The CRM and CRM-EH classes (and associated attributes) that were mapped included Context, Context Depiction (spatial coordinates), Context Find, Context Find Material, Context Find Intended Use, Context Find Note (as string), Context Event, Context Sample, Group, Timestamp (time periods), Context Find Measurement Value. Stratigraphic relationships between contexts were also extracted.

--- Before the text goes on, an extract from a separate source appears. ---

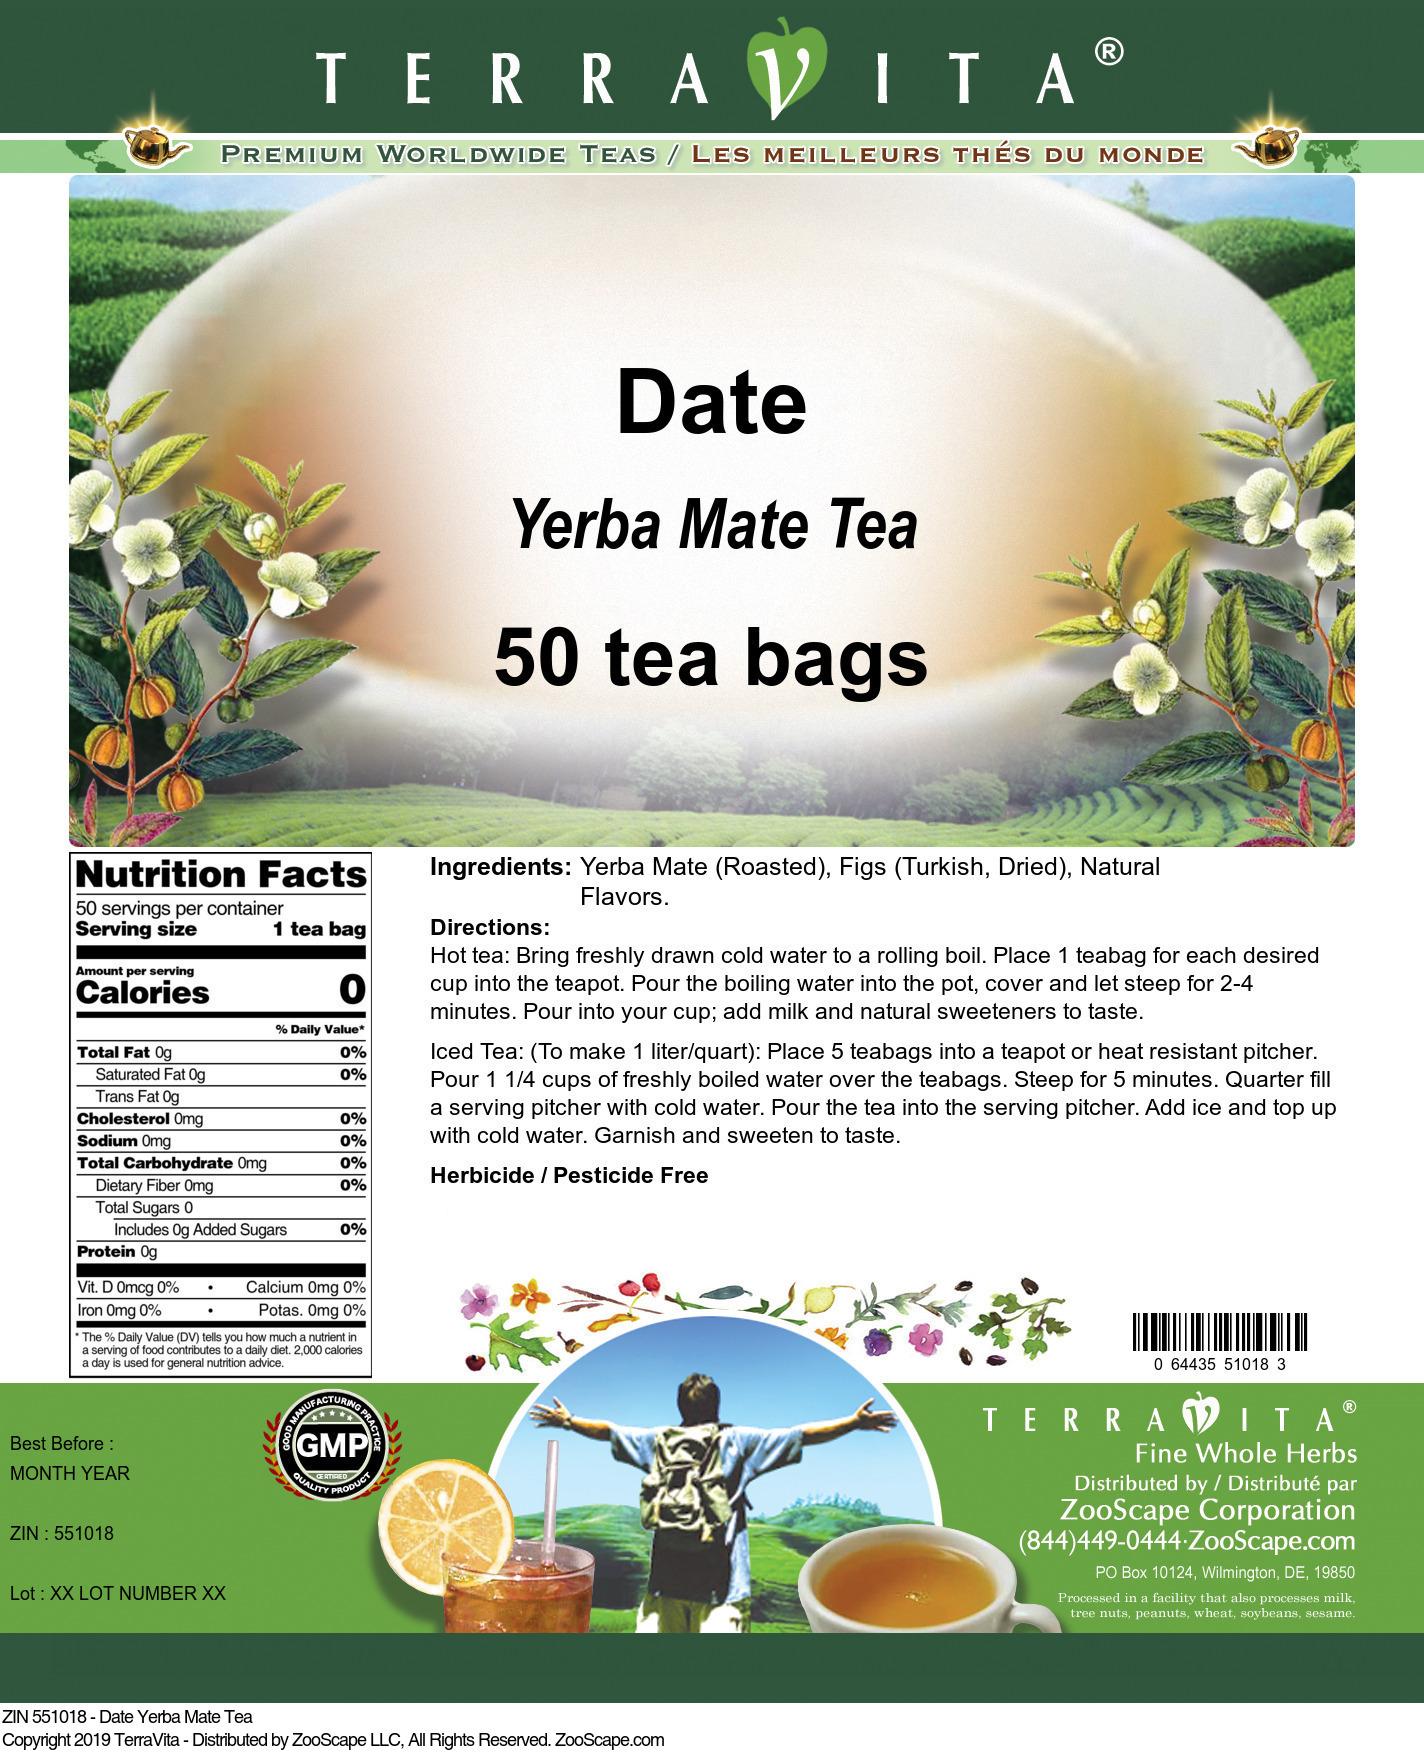 Date Yerba Mate Tea

The different datasets hold between 100 to 500 individual data fields. Given the limited project resources, it was decided that the final research Demonstrator should focus on a subset of the data, for purposes of demonstrating semantic interoperability in cross search. The selection of records covered four main areas of archaeological activity, Contexts, Finds, Samples, together with the grouping of context records to form more generalised interpreted features, such as buildings, enclosures, structures, etc. Section 4.2 discusses cost-benefit issues associated with granularity of detail in the mapping.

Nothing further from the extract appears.